I would assume that "object" in this case means something tangible; something that occupies certain coordinates in space that nothing else can occupy at the same time; something to be considered when making plans. A close cousin would be "matter," with a similar collection of connotations. "No object" would therefore mean that one could proceed as if the matter, issue, or, well, object, did not exist at all. It's simply not there. So much so that there's nothing even to ignore (since something that can be ignored needs to exist in the first place).

  • 1
    Thanks. "Tangible" is the same as "material", while "obstacle" is much the same as "objection," so my interpretations seem to match Dictionary.com's, for what that's worth. – jetset Nov 22 '15 at 1:21

Current meaning of 'money is no object'

Merriam-Webster's Eleventh Collegiate Dictionary (2003) has the following relevant definitions for object:

object n (14c) ... 3 a : the goal or end of an effort or activity : PURPOSE, OBJECTIVE {their object is to investigate the matter thoroughly} b : a cause for attention or concern {money is no object}

Definition 3(b) seems to be the sense in which "money is no object" is used today, but the Eleventh Collegiate suggests that this meaning evolved from object in the sense of "objective." On the other hand, "cause for attention or concern" might reasonably be restated as "cause for objection."

Regarding the idiom "money is no object" itself, Cambridge International Dictionary of Idioms (1998) has this entry:

Money (is) no object[:] something that you say which means it does not matter how much something costs because there is a lot of money available

Christine Ammer, The American Heritage Dictionary of Idioms, second edition (2013) has this:

money is no object Also, expense is no object. It doesn't matter how much it costs, as in Get the very best fur coat you can find—money is no object. In this expression no object means "something not taken into account or presenting no obstacle." It was first recorded as salary will be no object in a 1782 newspaper advertisement for someone seeking a job. Both money and expense were so described by the mid-1800s.

Eric Partridge, Usage and Abusage (1957) takes on the entire family of "no object" phrases:

object, no. E.g., 'distance no object', and especially, 'price no object': catachrestic when 'no obstacle' or 'not an objection' is meant. The correct sense 'not a thing aimed at or considered important' has been vitiated by confusion with no objection. Its flagrant absurdity is seen in the undertaker's advertisement: 'Distance no object.'

Partridge seems to be arguing here that "no object" properly means "no major objective." I think it's fair to say that his understanding of the phrase is not one shared by most people who use it today.

Original meaning of "money is no object'

The earliest three Google Books matches for the phrase "money is no object" are from the late 1700s and very early 1800s.

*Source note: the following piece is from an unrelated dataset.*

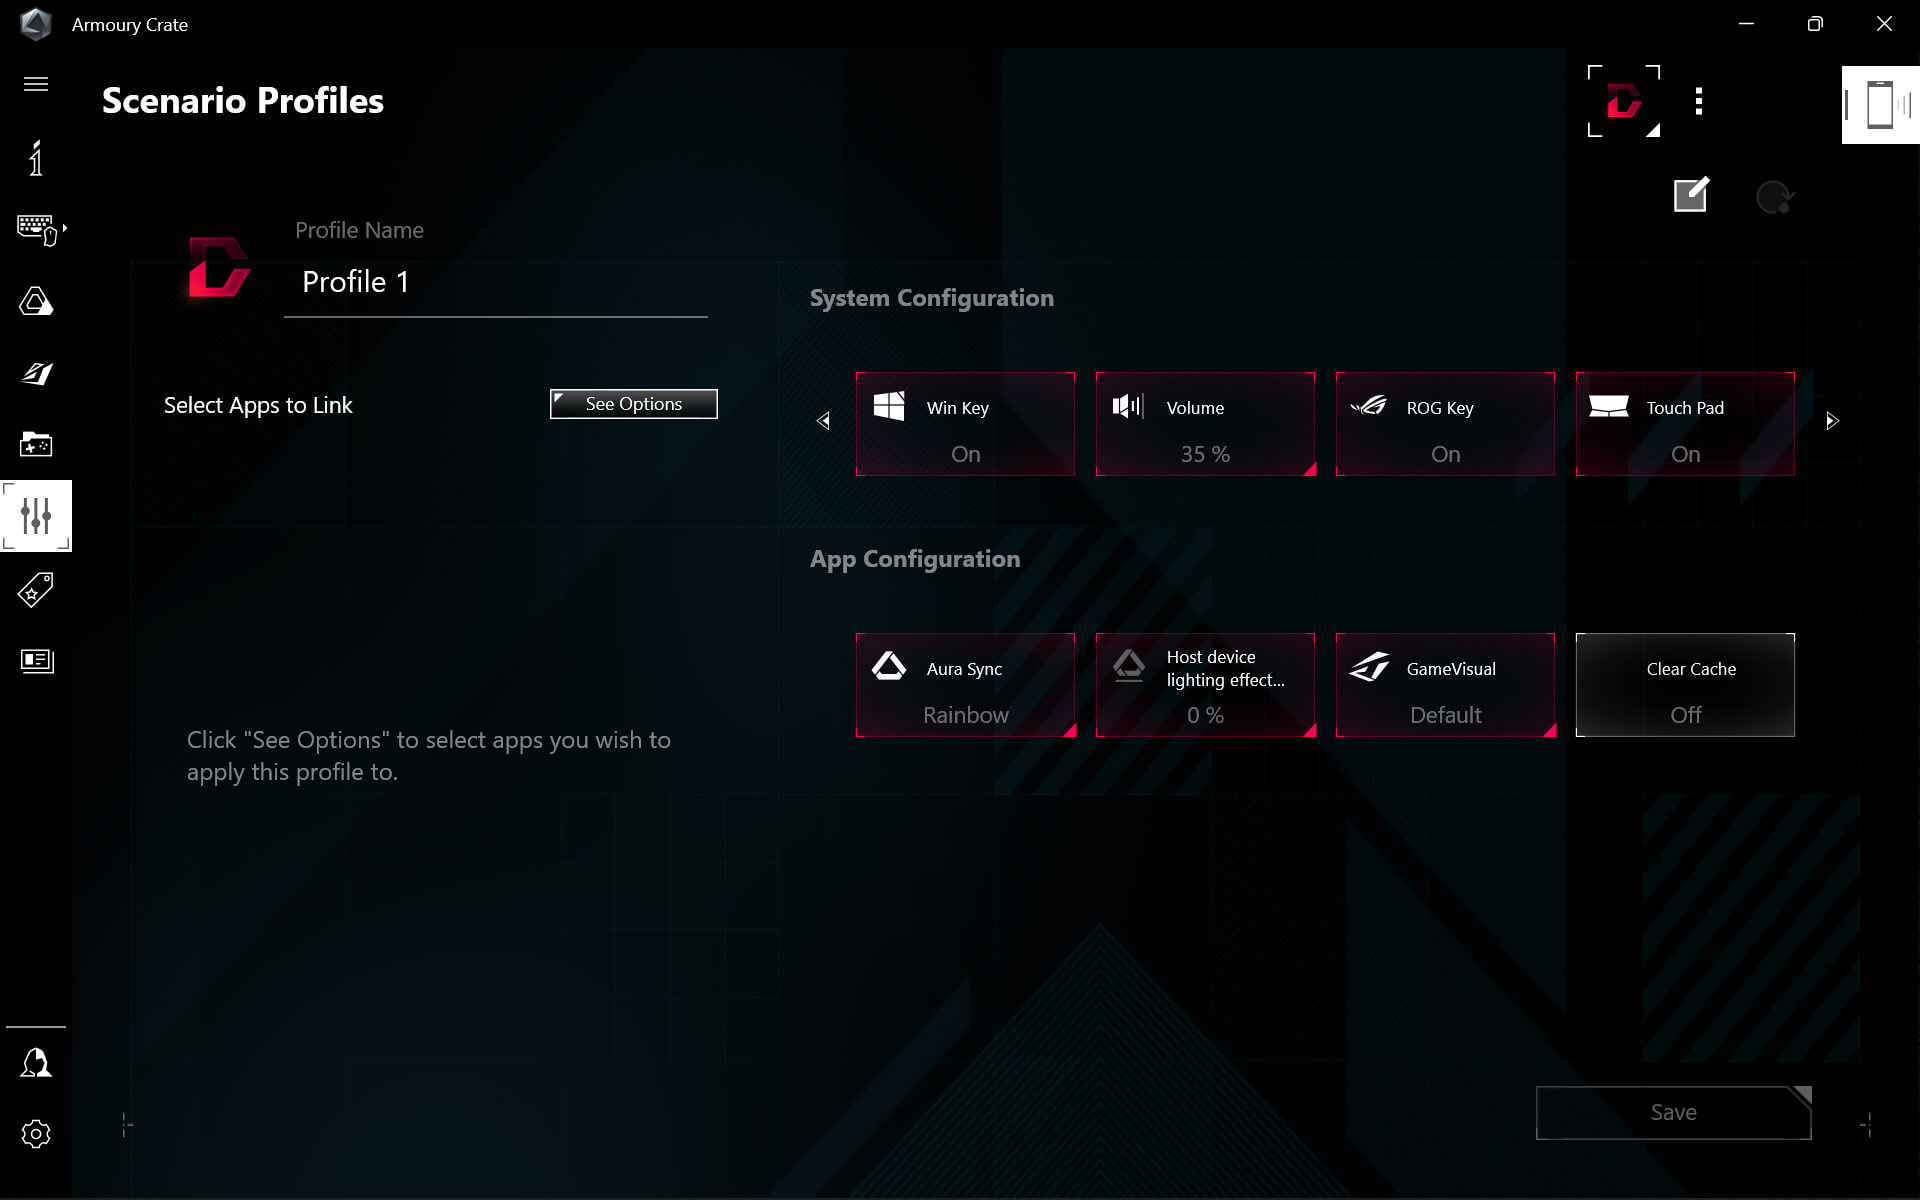 Screenshot of the Scenario profile section of Armoury Crate.

From a speech by Sir Hercules Langryshe, in Parliamentary Register of the House of Commons of Ireland (April 7, 1791):

These twelve counties [that have a material interest in the carriage bounties] don't contain less than a million of people, and every one of those people has a share on this interest. If then you were to take the inland bounty of 60,000 l. and divide it equally amongst them, each person would receive exactly the sum of 14½d.—This shews you the absurdity of such common place charges.—This shews you that the money is no object, but the wise application of it. This sum of money, which, if divided, would only produce 14d½ to each individual, has been sufficient to erect and maintain throughout this country 250 great granaries and markets at the farmer's door ; and these are the great incitement and reward of his industry.

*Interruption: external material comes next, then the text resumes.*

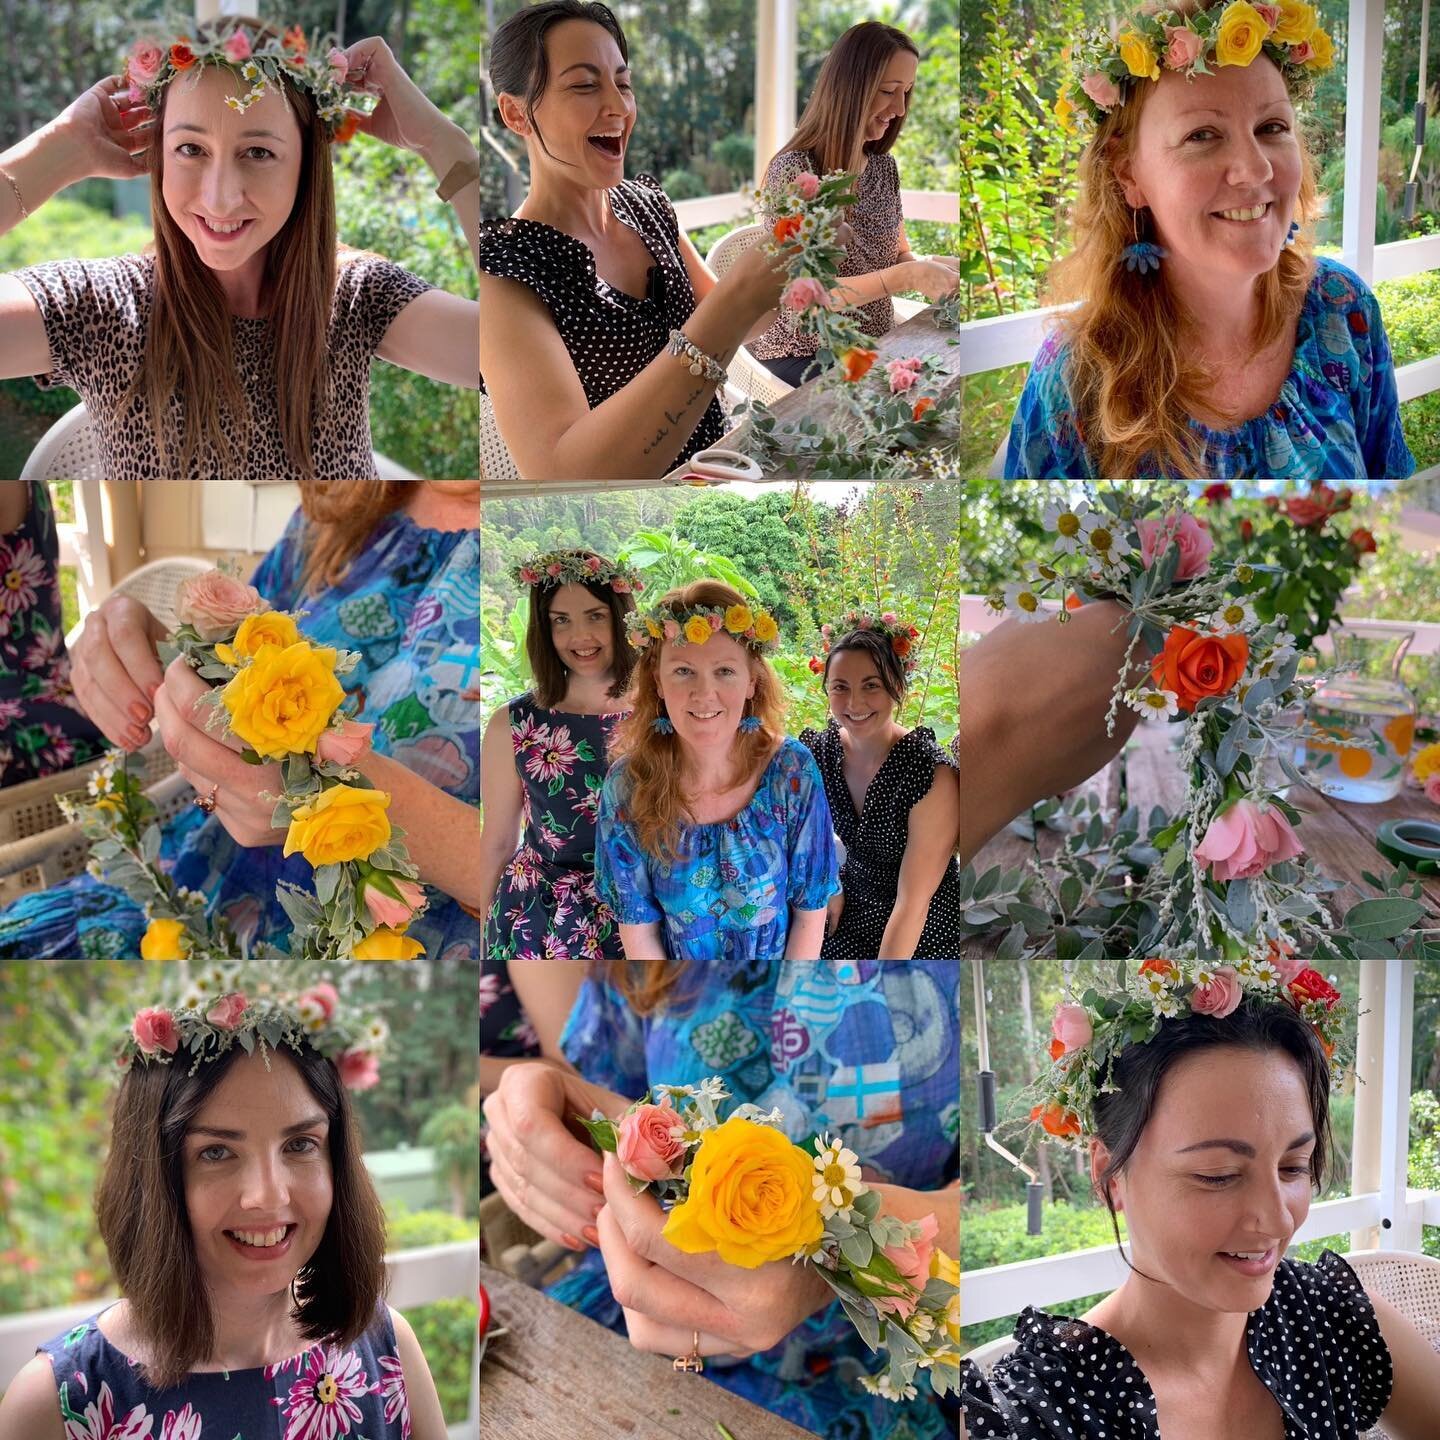 Some pics of a lovely  #hens #flowercrown workshop with @rainbow_7.5. Thanks girls! 🌸 Flower crown workshops are such a fun way to relax and have fun with friends. They bring a special focus to birthdays, baby showers and hens parties. Contact me fo

Second, from the summation of Mr. Justice Buller to the jury, in James O'Coigly, Otherwise Called James Quigley, Otherwise Called James John Fivey, [and others] for High Treason (1798):

There is this reason for supposing that he [John Binns, a co-defendant] might be employed principally, if not altogether, by Mr. O'Connor ; he undoubtedly is proved to have offered to deposit money to pay for this vessel, if any accident happened. Who was likely to find that money? It seems, by all the evidence, the whole party, except Mr. O'Connor, were beggars. Who was to find the money but Mr. O'Connor? and if he was going in a great hurry, supposing that Binns was employed by him only, Binns might say, as to the loss of this vessel, if she does cost O'Connor three hundred pounds, money is no object to him, and therefore I will agree for the vessel. That is one way of putting it, and it deserves your consideration.

And finally, Frederick Reynolds, Folly As It Flies: A Comedy (1802) includes the following exchange between Sir Herbert Melmoth and Dr. Infallible:

Sir Herbert. Yes, sir; I thank you for the offer of your friendly loan; but the arrival of my son makes it unnecessary.

Dr. Infallible. Very well, Sir Herbert—but money's no object to me, and if at any time you will condescend to be my banker—

It seems to me that Sir Hercules in his 1791 speech to the Irish Parliament, uses "money is no object" to mean something like "money is no crucial concern in and of itself." The prosecutor's use of the phrase in the 1798 treason trial, on the other hand, seems to me to make most sense as a way of saying that for Mr. O'Connor, money was not a sticking-point or obstacle, since he had it and could afford to lose it. The third instance, involving Dr. Infallible, could be read either way, I think.

My conclusion from these few examples is that the supposed proper understanding of the phrase "money is no object" went unobserved by actual users of the phrase from a very early date.

Were there any antecedents for the expression "money is no object"?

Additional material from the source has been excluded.